_Task_: Say how many lines of the listing below hold the string "Long", and say nothing else.

== Segment start ==

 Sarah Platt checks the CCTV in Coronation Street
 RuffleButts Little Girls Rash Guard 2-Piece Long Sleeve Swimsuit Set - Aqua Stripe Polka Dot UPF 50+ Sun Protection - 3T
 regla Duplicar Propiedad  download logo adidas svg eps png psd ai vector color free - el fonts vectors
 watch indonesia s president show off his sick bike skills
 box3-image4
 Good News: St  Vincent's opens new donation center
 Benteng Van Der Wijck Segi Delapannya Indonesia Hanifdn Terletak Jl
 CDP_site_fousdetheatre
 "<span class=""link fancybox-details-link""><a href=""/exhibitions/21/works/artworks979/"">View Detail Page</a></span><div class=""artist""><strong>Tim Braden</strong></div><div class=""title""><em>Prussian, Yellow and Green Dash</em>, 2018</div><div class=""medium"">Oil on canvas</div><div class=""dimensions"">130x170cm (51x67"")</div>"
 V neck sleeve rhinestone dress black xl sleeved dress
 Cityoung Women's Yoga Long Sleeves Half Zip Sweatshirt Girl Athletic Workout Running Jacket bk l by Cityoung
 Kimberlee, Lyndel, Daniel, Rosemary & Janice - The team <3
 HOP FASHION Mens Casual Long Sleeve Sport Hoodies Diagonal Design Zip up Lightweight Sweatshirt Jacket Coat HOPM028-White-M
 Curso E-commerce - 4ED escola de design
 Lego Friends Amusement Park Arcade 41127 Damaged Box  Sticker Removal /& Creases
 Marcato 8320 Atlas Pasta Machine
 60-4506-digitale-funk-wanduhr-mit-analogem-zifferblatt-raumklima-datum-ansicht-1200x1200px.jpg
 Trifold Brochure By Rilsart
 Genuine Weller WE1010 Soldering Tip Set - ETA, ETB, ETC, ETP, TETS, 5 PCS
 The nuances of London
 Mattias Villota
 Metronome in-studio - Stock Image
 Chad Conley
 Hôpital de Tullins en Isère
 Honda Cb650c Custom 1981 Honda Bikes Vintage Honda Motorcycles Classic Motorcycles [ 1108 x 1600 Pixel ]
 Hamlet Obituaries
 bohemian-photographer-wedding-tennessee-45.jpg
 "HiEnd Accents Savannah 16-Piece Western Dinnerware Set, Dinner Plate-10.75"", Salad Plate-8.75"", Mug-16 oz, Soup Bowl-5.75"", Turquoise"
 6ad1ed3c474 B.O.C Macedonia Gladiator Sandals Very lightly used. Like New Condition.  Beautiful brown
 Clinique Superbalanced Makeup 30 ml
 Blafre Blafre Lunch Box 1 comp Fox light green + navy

== Segment end ==

_Exercise answer_: 3